Первая страница – возвращение.
'Папа, я приехала в Петербург третьего января вечером. Поездка вышла дольше обычного – на тверском вокзале снегопад задержал состав на полтора часа, потом, уже на петербургской ветке, впереди нас сошёл с путей товарный, и мы стояли под Любанью два часа в чистом поле. В третьем классе у меня попутчики оказались невыразимо петербургские: одно отделение – студенты-юристы, другое – две курсистки с филологического, в третьем – подпоручик с гитарой, который первые полчаса играл очень неплохо, потом попросил у одного из студентов коньяку, и дальше уже играл хуже. На нашем отделении ехала ещё барыня с девочкой лет шести – девочка меня полпути спрашивала, где у меня куклы, и очень удивилась, когда я сказала, что я уже взрослая и куклы у меня остались дома. Она покачала головой и сказала: «Ну, это бывает».

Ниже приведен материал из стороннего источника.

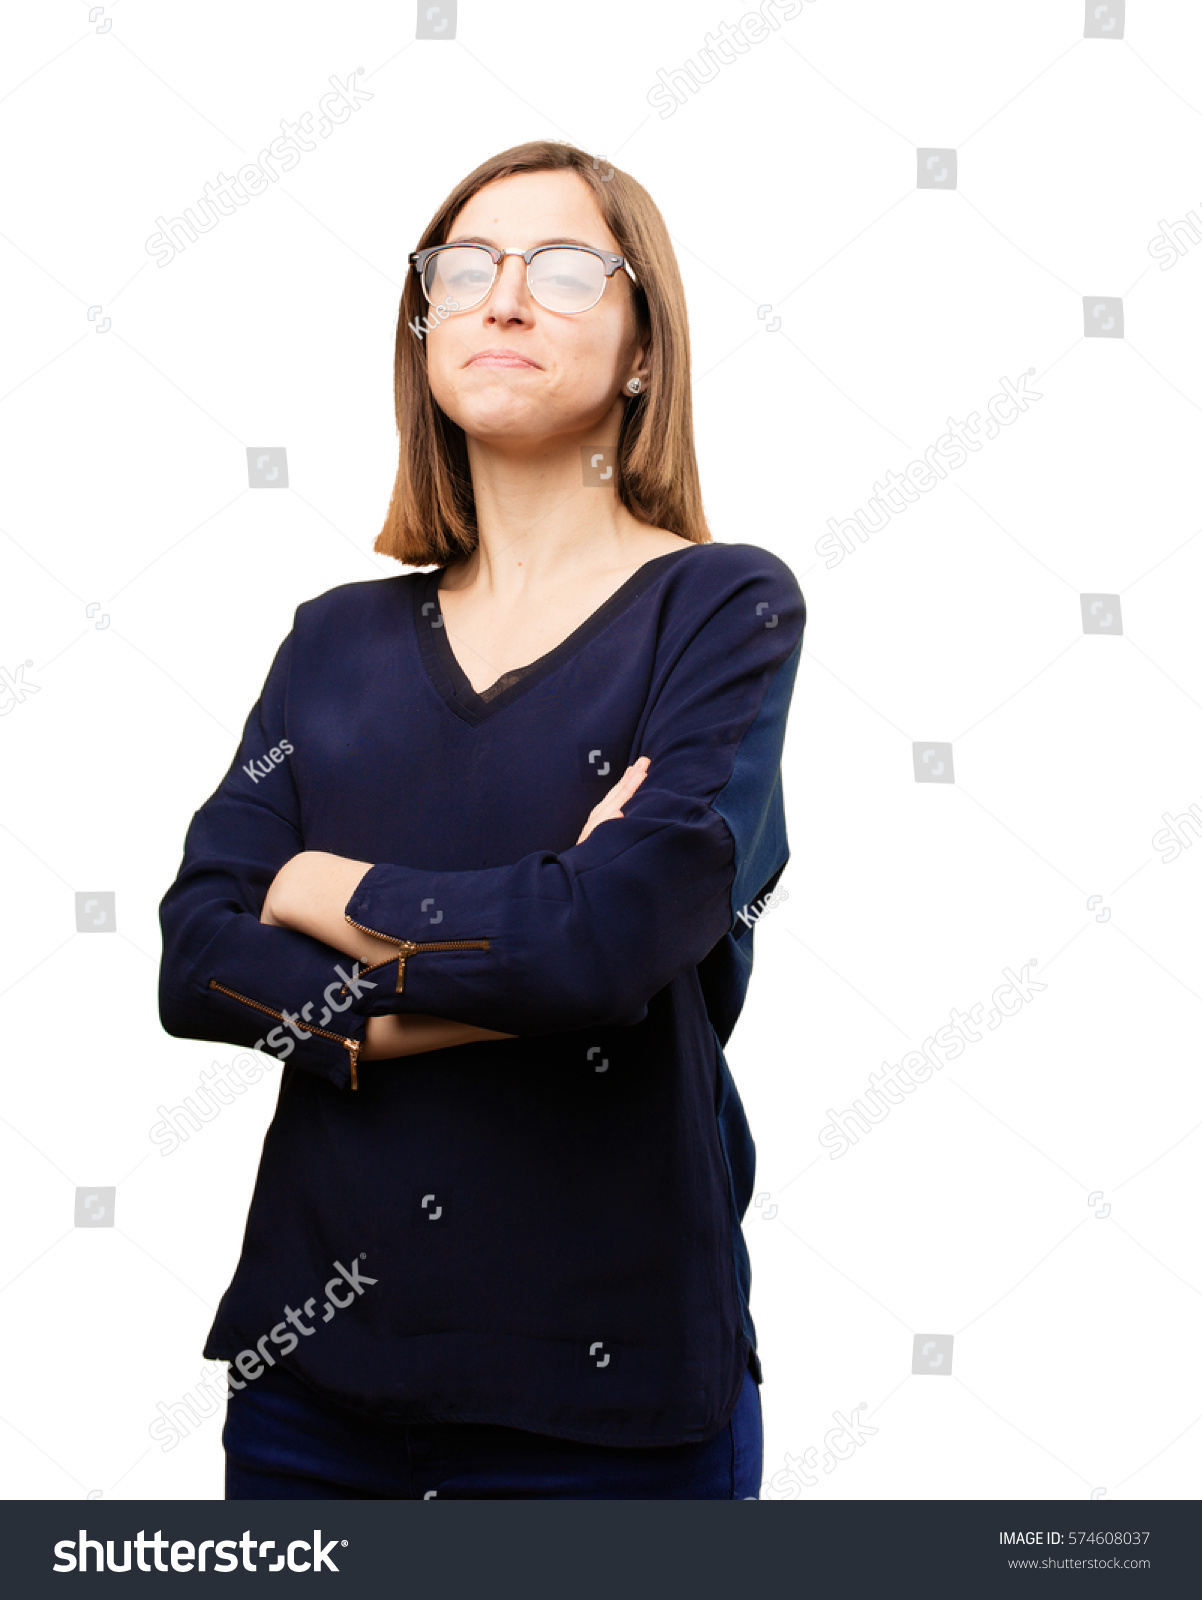 young pretty woman with glasses #574608037
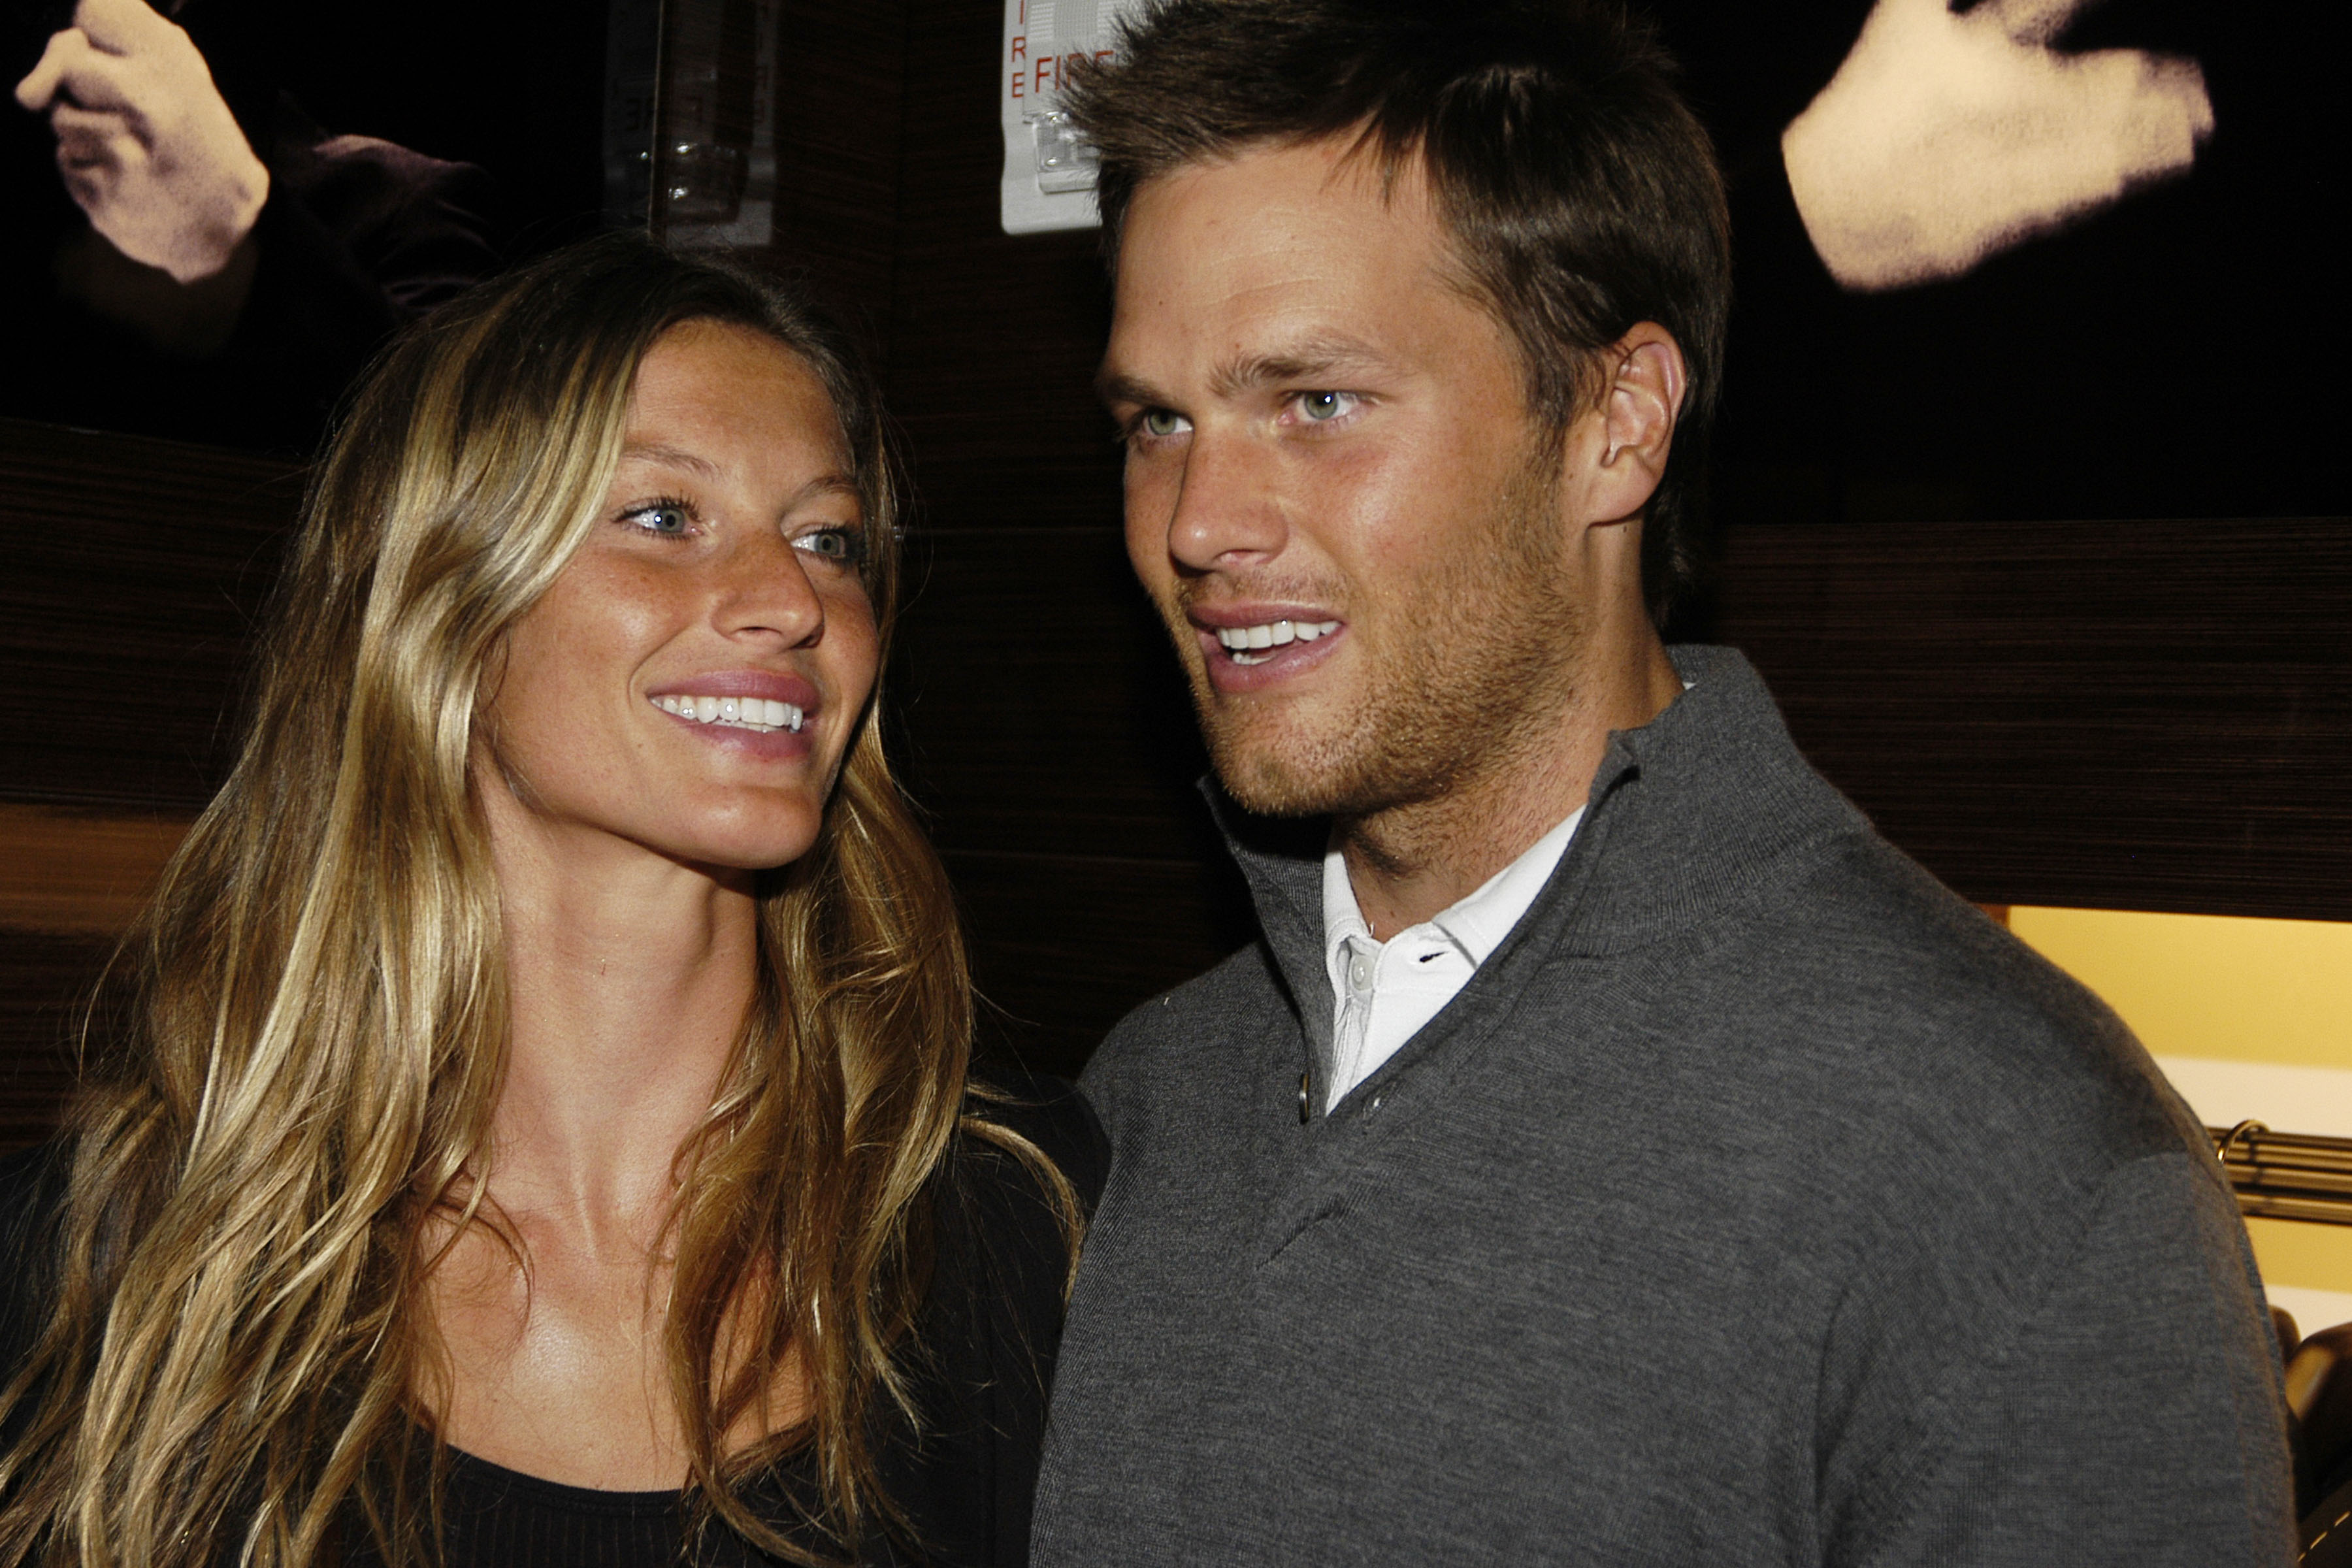 Gisele Bündchen and Tom Brady in New York City on March 11, 2008 | Source: Getty Images

Пансион Лемешевой всё тот же, только теперь зимой. Топят угольными печами с утра до вечера, и к восьми часам у всех в комнатах начинает болеть голова. Вчера случился маленький скандал. Лемешева позвала истопника – немца, Фридриха Карловича (он в Петербурге двадцать лет, говорит по-русски лучше половины наших профессоров). Фридрих Карлович осмотрел три печи, потом собрал нас, курсисток и племянниц Лемешевой, в малой гостиной и сказал длинную речь о вреде угара и необходимости проветривания. Речь была такая:
– Сударыни. Вы тут все, барышни, спаритесь, если окна не откроете. Меня сюда позвали за угар, а вы от угара помрёте по научному расчёту через три недели, если будете жить, как живёте. Открывайте окна. Хотя бы форточки.
Лемешева стояла рядом и отвечала:
– Фридрих Карлович, в Петербурге в январе при открытом окне умирают сильнее, чем от любого угара. У нас тут зима не немецкая, у нас минус двадцать.
– Сударыня, – отвечает Фридрих Карлович, – немецкой зимы не существует, немецкая зима это миф для неграмотных, зима везде одинаковая, только разница в печах и в окнах. У вас печи старые, окна двойные но с плохой паклей, угар идёт в комнаты, а свежий воздух идёт на улицу. Так жить нельзя.
Лемешева тогда говорит:
– Фридрих Карлович, если мы будем жить по-вашему, у нас курсистки замёрзнут.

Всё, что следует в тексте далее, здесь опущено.